Historical problem: Linking failed with GPU-aware MPI due to Cray’s --as-needed flag removing GTL libraries.

Automated solution:

  1. Detects GPU-aware MPI (MPICH_GPU_SUPPORT_ENABLED=1)

  2. Identifies MPI base library (e.g., mpi_gnu_123)

  3. Identifies required GTL library: - mpi_gtl_cuda for NVIDIA - mpi_gtl_hsa for AMD

  4. Adds to CMAKE_CXX_STANDARD_LIBRARIES and CMAKE_CUDA_STANDARD_LIBRARIES

If automation fails: Check MPICH_GPU_SUPPORT_ENABLED=1 is set and craype-accel-* module loaded.

NetCDF/HDF5 Detection on Cray

Historical problem: find_package failed because parallel libraries in module-managed paths.

Automated solution:

Queries Cray compiler wrapper:

CC --cray-print-opts=PKG_CONFIG_PATH

Prepends path to PKG_CONFIG_PATH, enabling pkg-config to find parallel libraries.

If automation fails: Load cray-netcdf-hdf5parallel manually.

GPU Architecture Auto-Detection

Historical problem: Users manually specified architecture for all dependencies.

Automated solution:

  1. Reads $CRAY_ACCEL_TARGET (e.g., nvidia80, amd_gfx90a)

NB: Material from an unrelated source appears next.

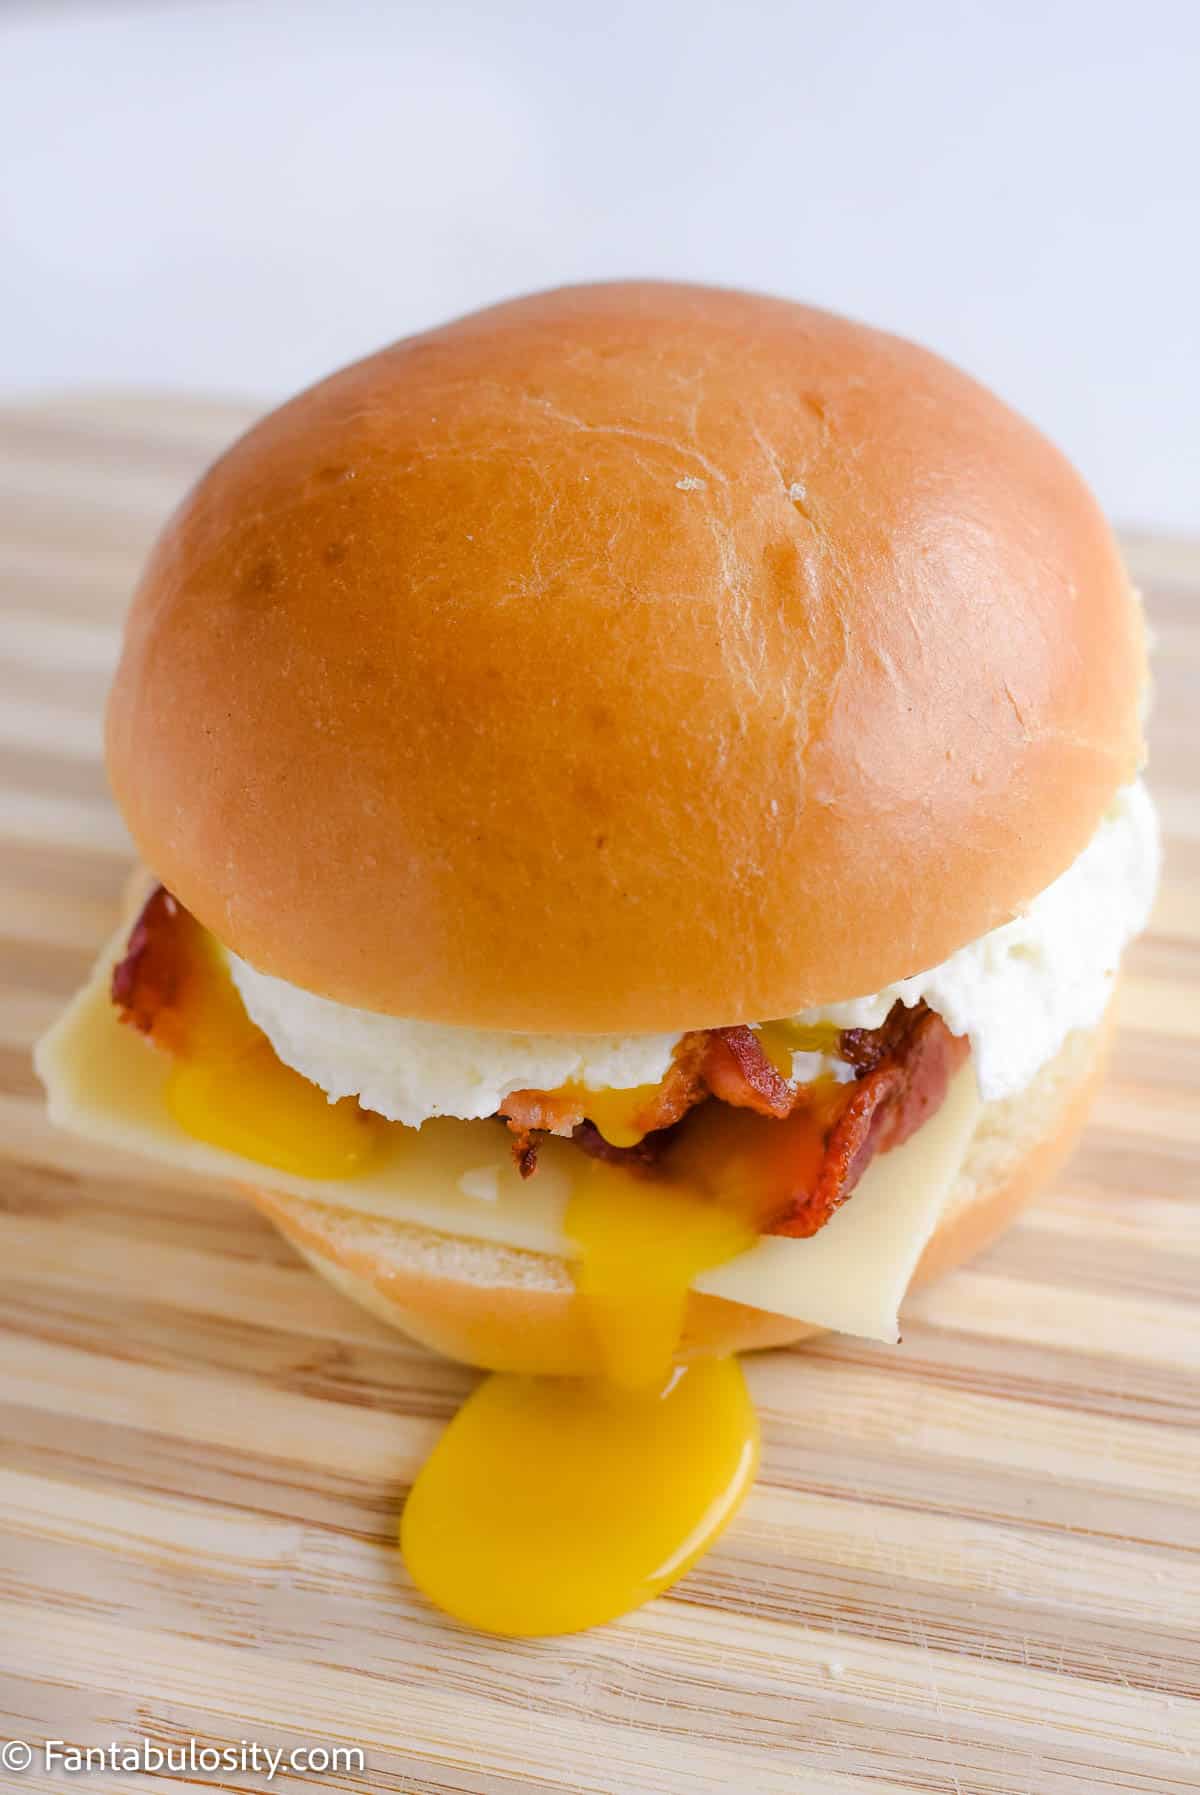 Bacon egg and cheese sandwich

  2. Maps to architecture flags: - AMReX: AMReX_CUDA_ARCH=8.0 - Kokkos: Kokkos_ARCH_AMPERE80=ON

If automation fails: Check craype-accel-* module loaded:

echo $CRAY_ACCEL_TARGET

Getting Help

Before submitting an issue:

  1. Search existing issues

  2. Check this guide and Library Configuration

  3. Run diagnostic commands above

Creating a bug report:

Include this information in your GitHub issue:

**System:**
- OS: [e.g., Perlmutter/CrayOS, Ubuntu 22.04]
- Compiler: [gcc --version or CC --version]
- MPI: [mpirun --version]
- Modules: [module list]

**Build command:**
[Complete cmake command or script]

**Error:**
[Complete, unedited terminal output]

Attach files:

  • CMakeCache.txt

  • Build log: make 2>&1 | tee build.log

Diagnostic output:

cmake --log-level=VERBOSE --log-context .. 2>&1 | tee cmake_verbose.log
echo $CRAY_ACCEL_TARGET
echo $NETCDF_DIR
module list

Contributing Fixes

If you solve a build problem, contribute your solution!

Contributions welcome:

  • Machine profiles (Build/machines/*.profile)

  • Build system improvements

  • Documentation enhancements

  • Troubleshooting examples

How to contribute:

  1. Fork ERF repository

  2. Create feature branch

  3. Make changes

  4. Submit Pull Request

See contribution guidelines in the repository.

Note

Community contributions are essential. Your solutions help other users and improve ERF for everyone.